Note: CURRENT_MSG_TIME_test that's not NA is a sign that late keypress was fixed

merging fix/mes ----------------------------------

Overview of the data

# summary(studyname_bin)
# dim(studyname_mesrep)
# summary(studyname_mesrep)

now we can merge the message report file with the fixation report file so we get the target onset times, merging binned fixation data and message report, and rename a few columns

your column names may differ--check and rename after uncommenting!
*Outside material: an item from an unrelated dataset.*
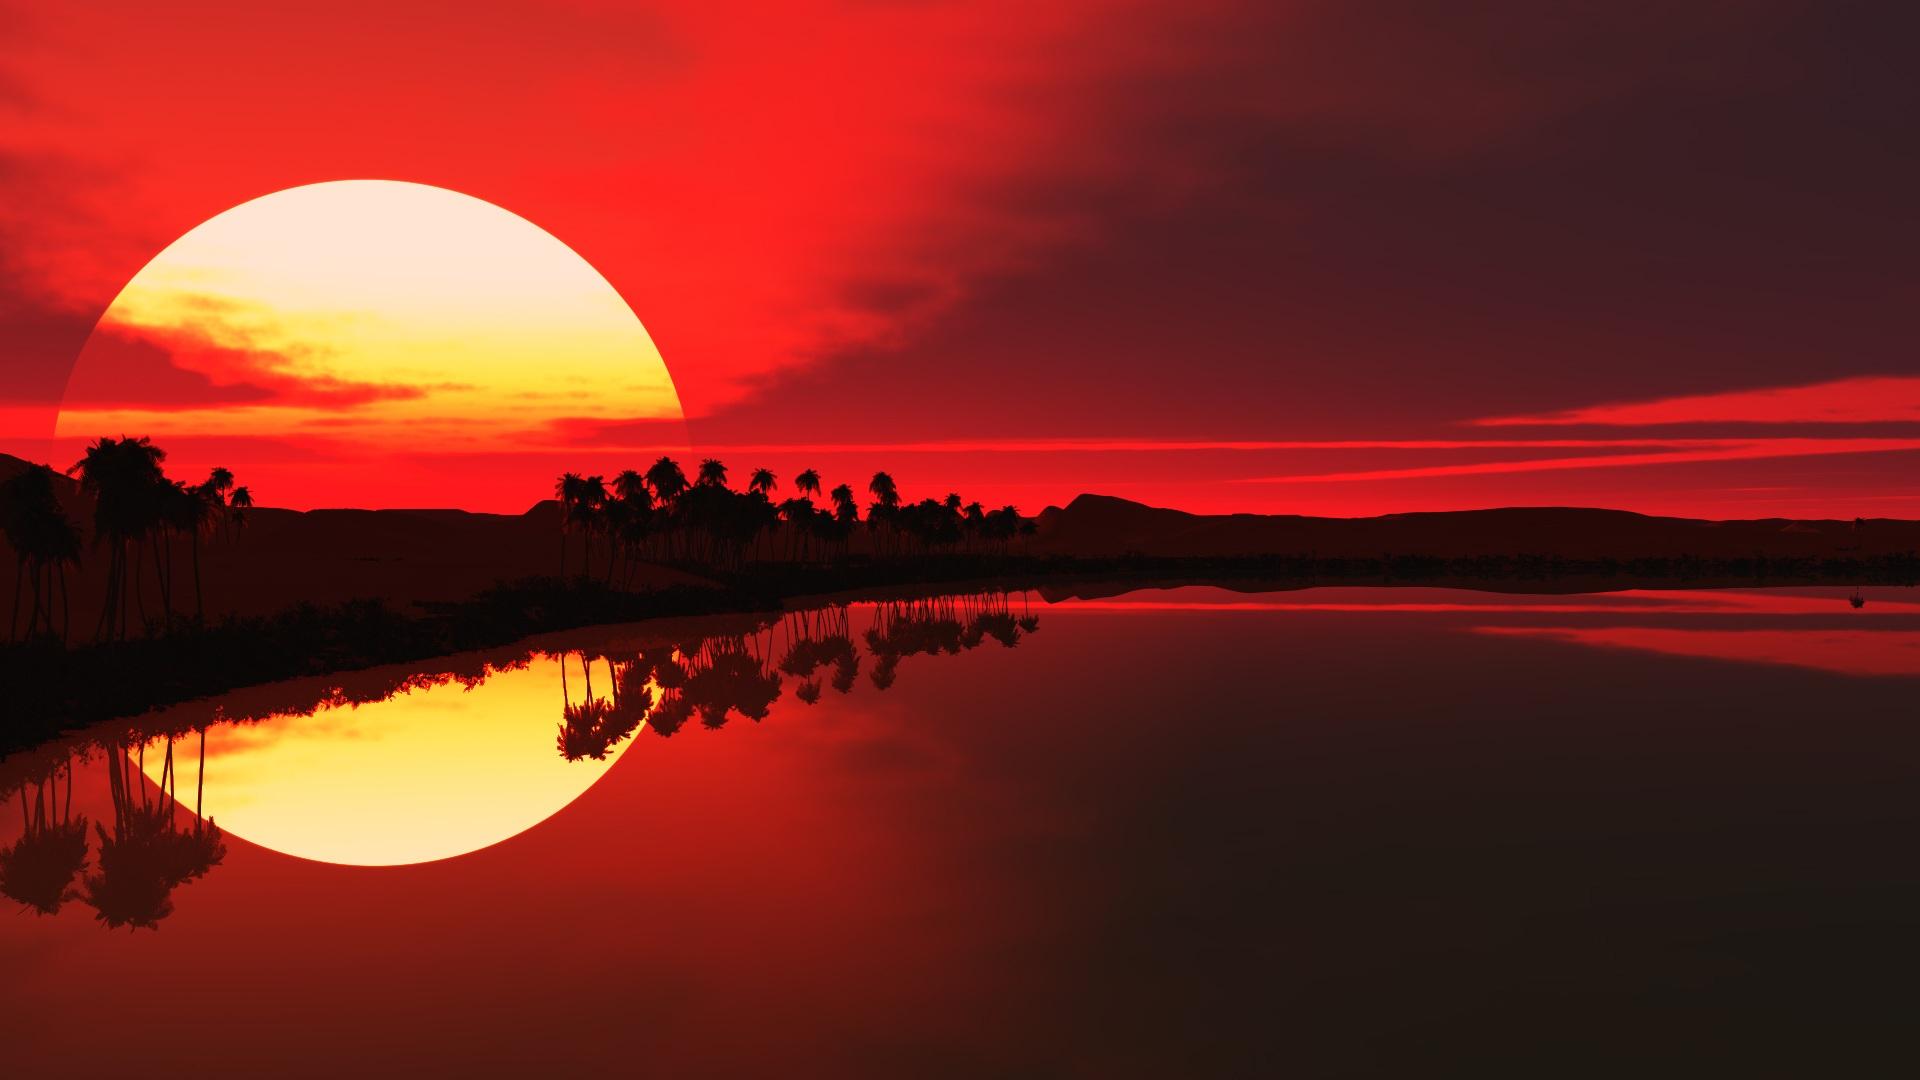 Best 3d Hd Wallpapers For Laptop Sunset Wallpapers Hd Pixelstalk Net
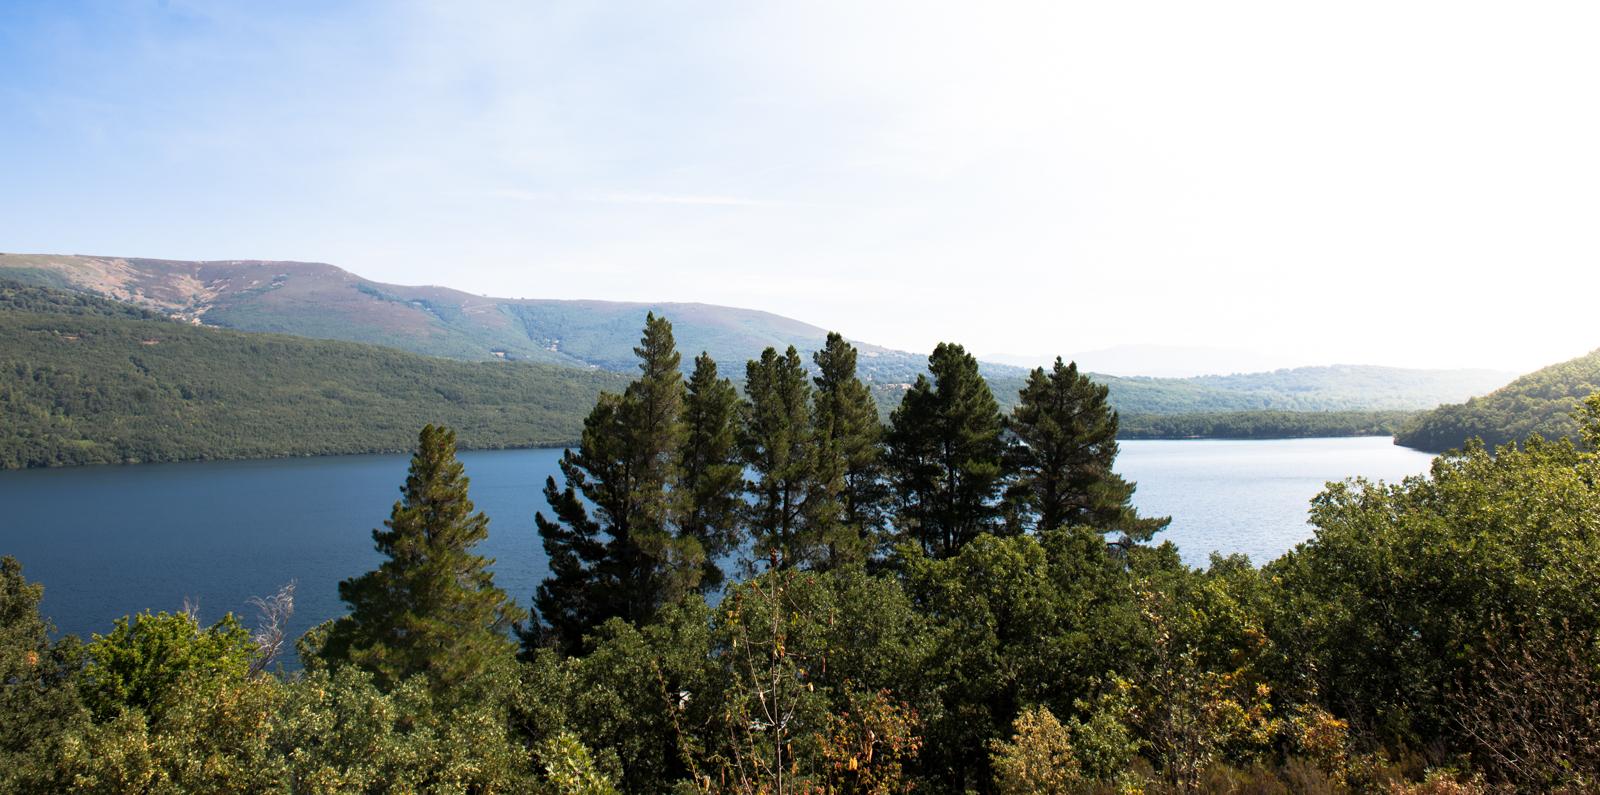 Lago_de_Sanabria-1.jpg

# studyname_fix_mes_clean_1 <- left_join(studyname_bin, studyname_mesrep) %>% 
#   dplyr::rename(SubjectNumber = RECORDING_SESSION_LABEL, 
#                 TargetOnset = CURRENT_MSG_TIME, 
#                 gaze = CURRENT_FIX_INTEREST_AREA_LABEL,
#                 TrialCountingPractice = TRIAL_INDEX)
# 
# studyname_fix_mes_clean <- studyname_fix_mes_clean_1 %>%
#   # filter no press trials,
#   filter(!is.na(TargetOnset)) %>% 
#   # divide pairs in two columns
#   # create a column for the stitem of pair and a second column for the 2nd item 

#   separate(Pair, c("first","second"), sep = "_", remove = F, extra="drop")%>% 
#   mutate(gaze = fct_recode(gaze, NULL = "."), # gaze becomes a factor
#          # make the gaze variable into a binary 1,0 for proportions later)
#       propt = ifelse(gaze == "TARGET", 1, ifelse(gaze == "DISTRACTOR", 0, NA)),
#          # remove the .jpg from the TargetImage
#      targetnum = as.factor(gsub(".jpg", "", TargetImage)),
#          #remove the .jpg from the TargetImage and the number (e.g. bottle3)
#      target = as.factor(gsub("\\d+", "", targetnum)),
#          #is the target the first or second image
#      num = factor(ifelse(as.character(second) == as.character(target), "two", "one")),

#          Trial = as.numeric(Trial),
#          RT = as.numeric(RT)
#   ) %>%
#   # all (and only) character columns as factors
#   characters_to_factors()

Note: if you skipped the section above due to no keypress, you probably still want to rename some columns, make sure things are the right type (numeric, factor, character) etc.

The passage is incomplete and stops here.